Saudi Arabian businessman

Dr. Turki Faisal Al-Rasheed (born 5 August 1954) (تركي فيصل الرشيد) is a Saudi businessman. He is the chair and the Founder of Golden Grass Incorporated in Riyadh.

He leads the Saudi Voter Center, an internet-based website which encourages Saudi nationals to become involved in Saudi Arabia's non-democratic elections. He is adjunct professor at the Department of Biosystems Engineering, College of Agriculture and Life Sciences at the University of Arizona, Tucson.

==Early life and education==
Turki Faisal Al-Rasheed is a descendant of Ibn Rashid family, the ruler of Hail, a clan of the Shammar Tribe.
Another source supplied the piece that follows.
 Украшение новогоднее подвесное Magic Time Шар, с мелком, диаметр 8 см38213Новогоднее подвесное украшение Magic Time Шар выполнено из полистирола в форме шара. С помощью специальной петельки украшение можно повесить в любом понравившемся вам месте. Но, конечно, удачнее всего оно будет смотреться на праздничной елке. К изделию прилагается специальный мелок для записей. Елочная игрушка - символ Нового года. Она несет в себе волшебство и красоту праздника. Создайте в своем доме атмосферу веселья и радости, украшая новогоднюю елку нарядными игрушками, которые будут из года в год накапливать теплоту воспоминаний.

His father was one of the handful of the Ibn Rashid family who walk out the last out of the Barzan Palace on 2 November 1921.

He earned his degree in Executive Doctor of Business Administration (EDBA) at Liverpool Business School (LJMU), U.K. His Executive Master in Business Administration (EMBA) at college of Industrial Management at King Fahd University for Petroleum and Minerals (KFUPM), Saudi Arabia and Bachelor of Science in Agriculture Engineering at the University of Arizona, Tucson.

==Career==
He is a board member of the National Agriculture Development Company (NADEC), an Agriculture Committee of the Riyadh Chamber of Commerce, and the President and Chairman of Turki Faisal International Corporation (TFIC), from 1981 to present.
Adjunct Professor at the College of Agriculture, Life and Environmental Sciences (CALES), Department of Agricultural and Biosystems engineering, University of Arizona, Tucson, AZ, USA.
Advisor to Environment and Sustainable Development (ESDU), Faculty of Agricultural and Food Sciences (FAFS) at the American University of Beirut (AUB), Lebanon.